昼は丸、夜は菊池 広島・鈴木誠也が“師匠”を使い分ける理由
「今年はレギュラーを取ります。阪神とのCSで、野村(前)監督に最後まで使ってもらった。あそこは正直、『ああ代打だな』と思いましたから」
こう話す広島3年目の鈴木誠也(20)は昨季、36試合に出場。打率.344をマークした。阪神とのCSファーストステージ第2戦に「7番・右翼」で先発出場。0―0の七回1死満塁の好機で打順が回ってきた。本人も「代打か」と思ったこの場面、野村前監督はそのまま鈴木誠を打席に送ったが、結果は三ゴロ。チームは零敗しシーズンが終了。試合後、ベンチで涙する姿があった。
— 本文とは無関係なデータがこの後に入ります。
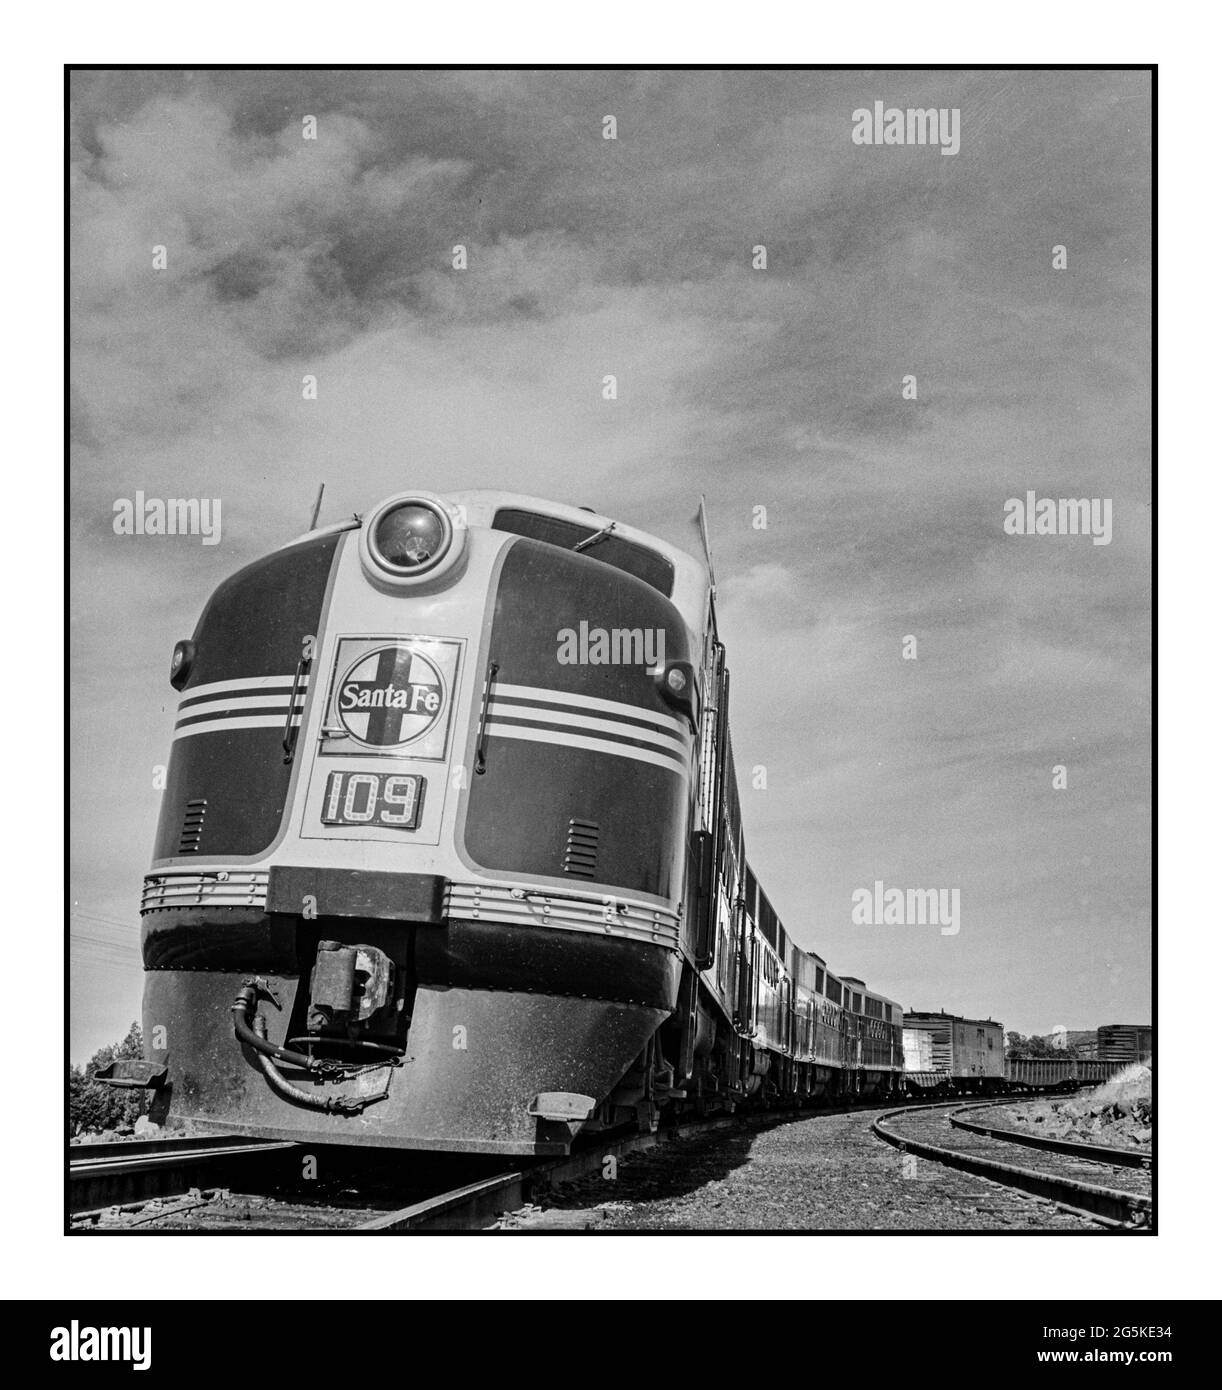 SANTA FE 40 locomotive à moteur ferroviaire Ash Fork, Arizona America USA. Un train de fret diesel sur l'Atchison, Topeka et Santa Fe Freight Railroad des années 1940 entre Winslow et Seligman, Arizona qui descend la montagne s'arrête à une voie d'évitement pour refroidir ses roues Jack Delano photographe - États-Unis--Arizona--Yavapai County--Ash Fork America USA Banque D'Images

「悔しかった。野村監督に恩を返さないといけない。今年はやれよと言われているんです」
高卒2年目の昨季は、手応えをつかみつつ、実力を思い知った年でもあった。現在、外野の一角をドラフト1位ルーキーの野間らと激しく争う。永田利則一軍総合コーチがこう言う。
「振る力が強いから長打力がある。期待を込めて言うと、誠也は去年の山田(ヤクルト)のようになるだけの『モノ』を持っています」
涙したCS敗退から「何が長所で何が足りないか」を自問自答したという。